Photo of people playing sports

Sports and live entertainment post-COVID 19

While much has been written about the devastating impact that COVID-19 has had on the $80 billion U.S. sports and live music industries, the one thing that everyone agrees on is that it is impossible to replicate the excitement of live events. As human beings, we are hard-wired to share our stories and affirm our life experiences through face-to-face interactions that provide us with a sense of belonging and community. So, while no one knows when live events with fans will return, it is safe to say that they will come back. 

Live entertainment was among the hardest-hit industries and is struggling with a number of challenges around health and safety, labor force reductions, ticket sales and refunds, event schedules and cash flow. Due to the logistical hurdles posed by mass gatherings, events with fans will be among the last sectors to reopen, and when they return, neither consumers nor the event experience will be the same. 
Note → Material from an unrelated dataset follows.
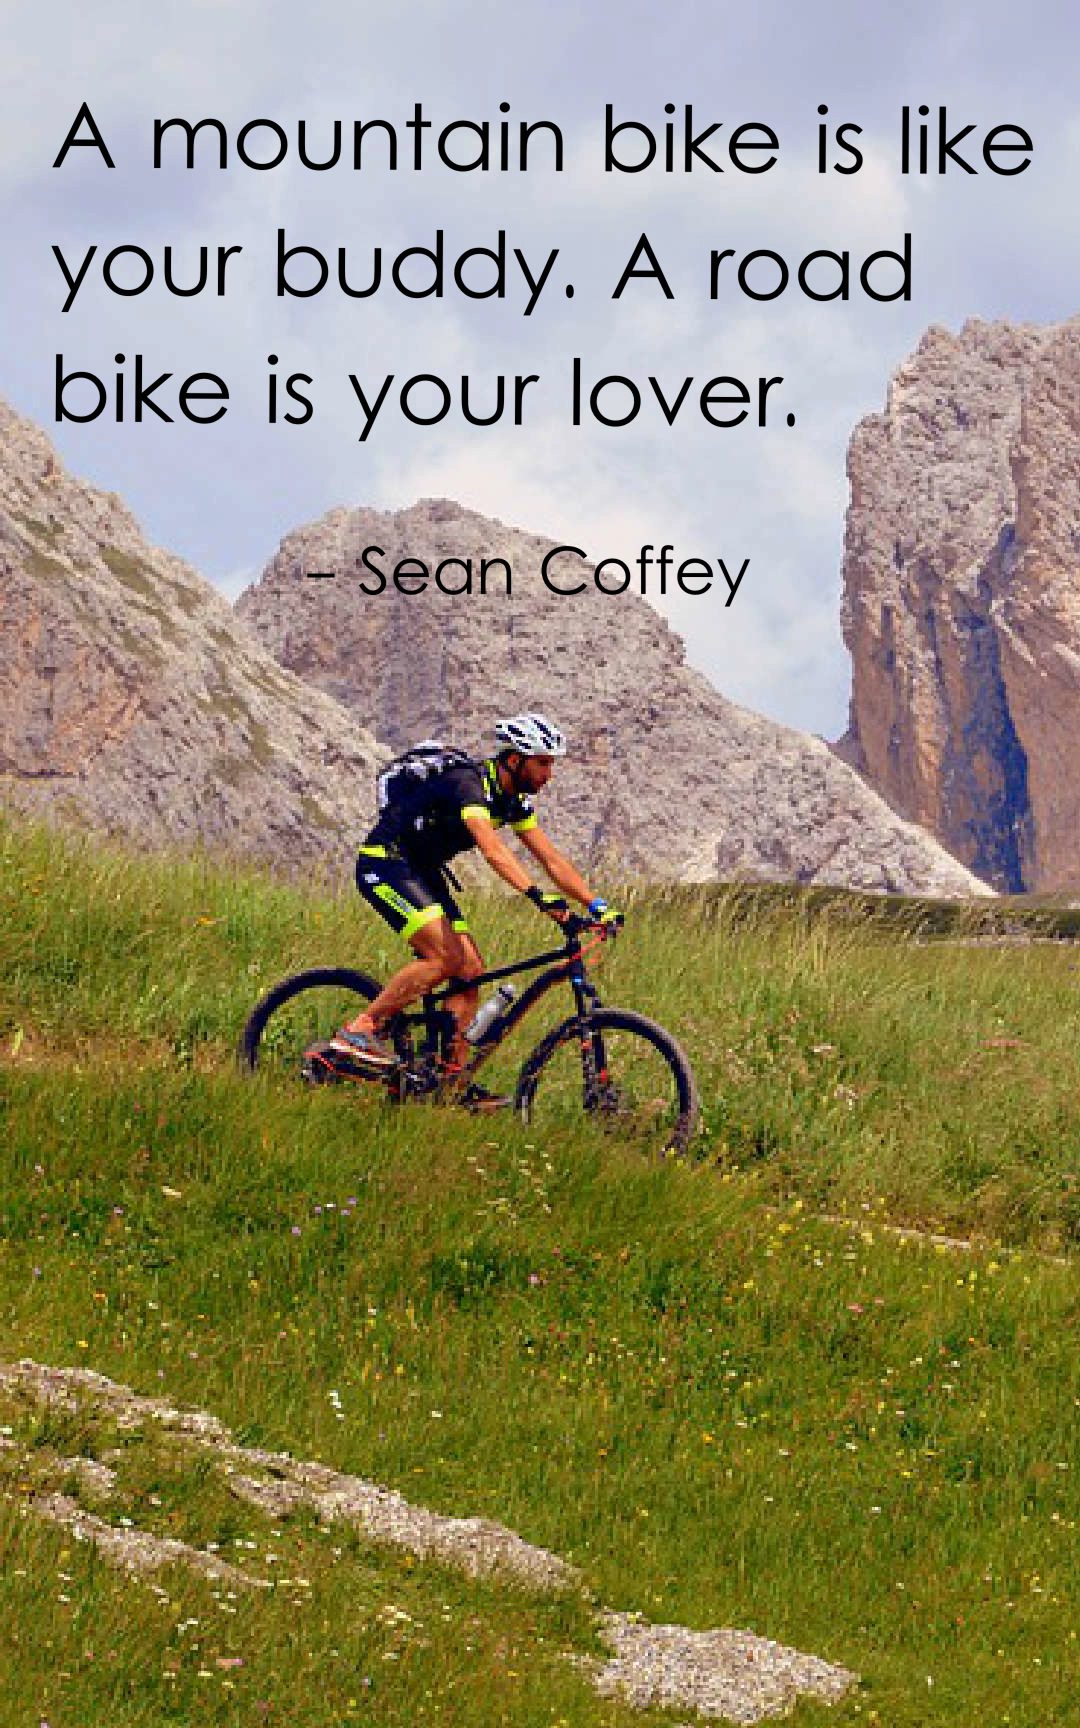 48 Inspirational Bicycle Quotes With Images - A Mountain Bike Is Like Your BuDDy. A RoaD Bike Is Your Lover.
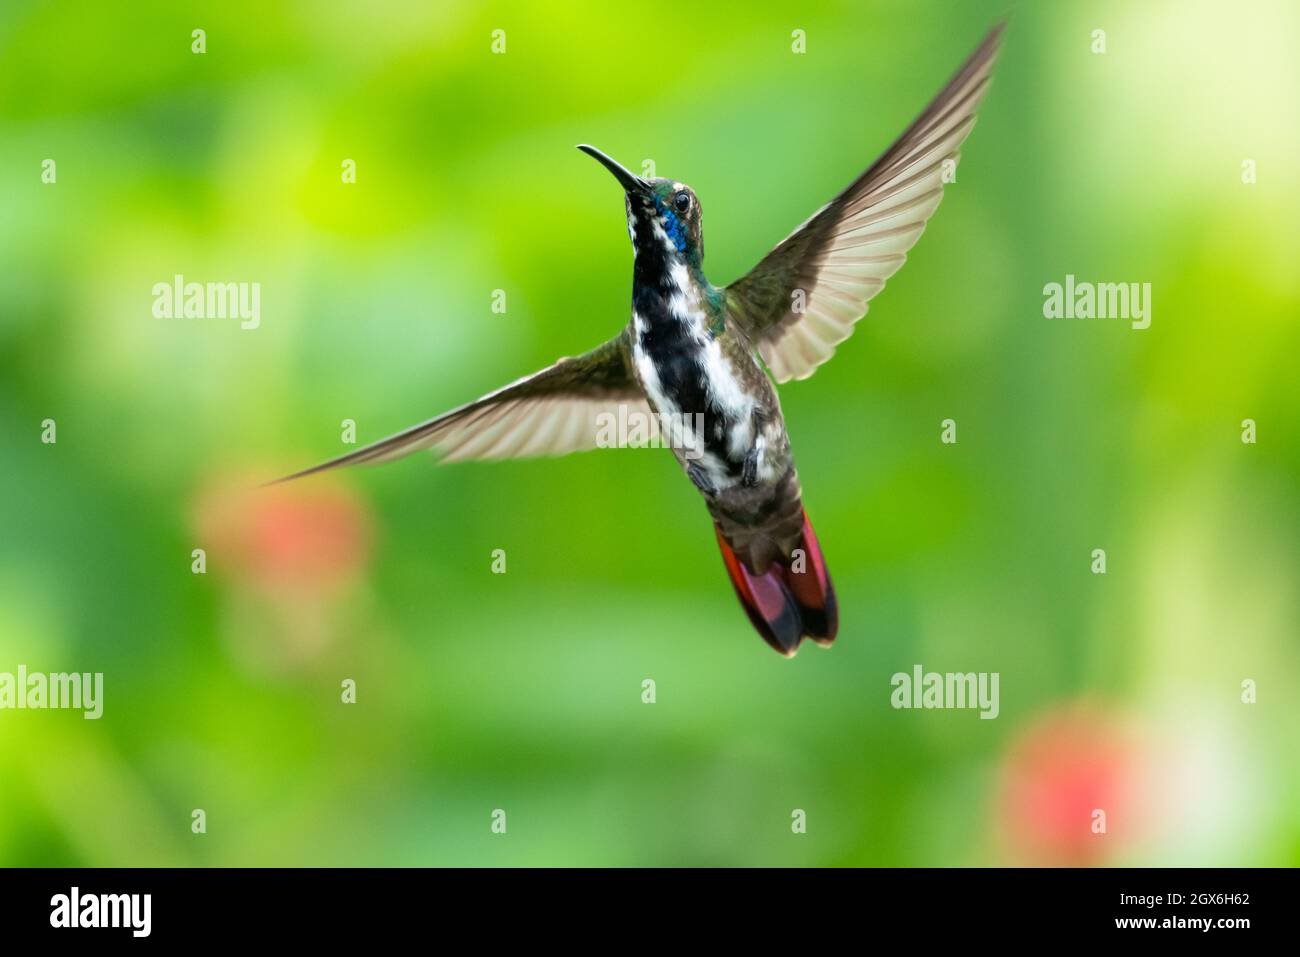 A young male Black-throated Mango hummingbird, Anthracothorax Nigricollis, hovers in the air with wings spread and a blurred background. Stock Photo

Fans will be cautious from both an economic and health perspective, and the way they interact in social settings has changed. The quarantine mindset may not go away immediately, and organizations will have to adapt to the temperature they operate. It will be incumbent on them to communicate what they are doing from a cleaning, sanitization, staffing, training, health monitoring, event production and operational perspective to ensure that it is safe for fans and athletes to come back. 

In the U.S., the first events to return have been televised sporting events without fans. Following the models established by European soccer leagues, these broadcasts replaced fans in the stands with cardboard cutouts and fans cheering with AI crowd noise to create a more lively and authentic viewing experience. 

One of the first televised events was the opening game for the National Women’s Soccer League, which drew a record audience of more than 572,000 viewers. The increase was driven in part by consumer curiosity about the fanless experience, but it is likely that all sports will see increased viewership when games resume due to pent-up demand for sports content.

Live events with fans will return in stages as countries around the world begin to reopen their economies. The protocols implemented in places like Shanghai Disneyland are indicators of the challenges that sports and live music gatherings might face when they resume. The theme park initially reopened with a limited visitor capacity of 24,000 people, which was approximately 30 percent of its regular 80,000 visitor capacity. In addition, the park introduced a number of new health and safety procedures including mask-wearing, temperature checks and social distancing. Additionally, visitors were required to make advanced ticket purchases and reservations and were assigned specific times to enter. 

Similarly, when live events resume in the U.S., sports fans should expect restricted occupancy, flexible season-ticket packages and social distancing requirements with empty seats or rows between themselves and other fans. Concerts in theaters, clubs and arenas may need to move to a reserved-seating model and eliminate all standing areas. And, music festivals will need to evaluate whether they can enforce social distancing, or if they can only resume operating once a vaccine is available. 

Regardless of the type of event, fans attending mass gatherings should expect to wear masks, submit to health scans or temperature checks, enter venues using digital tickets, make purchases through cashless transactions and buy pre-packed food and beverages. Since it will be costly for venues to implement new health and safety protocols, there is a good chance that several of these new practices will be permanently adopted. 

There is no doubt that the crisis has significantly altered consumer purchasing behaviors. Fans are evaluating brands through a new lens and how they are spending their leisure time has changed. Organizations will need to understand these shifts in consumer habits as they roll out new ticketing, hospitality and food and beverage offerings. 

Convincing fans it will be safe to return to events is as much about listening as it is about doing. By surveying consumers about what they can expect when returning to events, brands can gain insight into such things as how long it will be before fans feel comfortable attending events, entry and exit wait times, health check protocols and cashless transactions. By proactively reaching out to fans, organizations can not only show that they care, but can also collect valuable consumer data. 

The events of 2020 pushed brands to innovate their digital and social content. Text messaging and social media have become invaluable for athletes, artists and brands to engage with fans and show their support for communities, front-line workers, and medical personnel. When events return, digital marketing will continue to influence how organizations connect with consumers, as well as spur new ideas for how fans can experience events. 

Although there remains much uncertainty around the long-term impact of the pandemic on the sports and live music industries, brands will need to keep adjusting their messaging, narrative storytelling and creative content as they navigate the complexities of this new era.

Maryanne Lataif is Senior Vice President of Corporate Communications at AEG, the world’s leading sports and live entertainment company. She is a member of the USC Annenberg Center for PR Board of Advisors.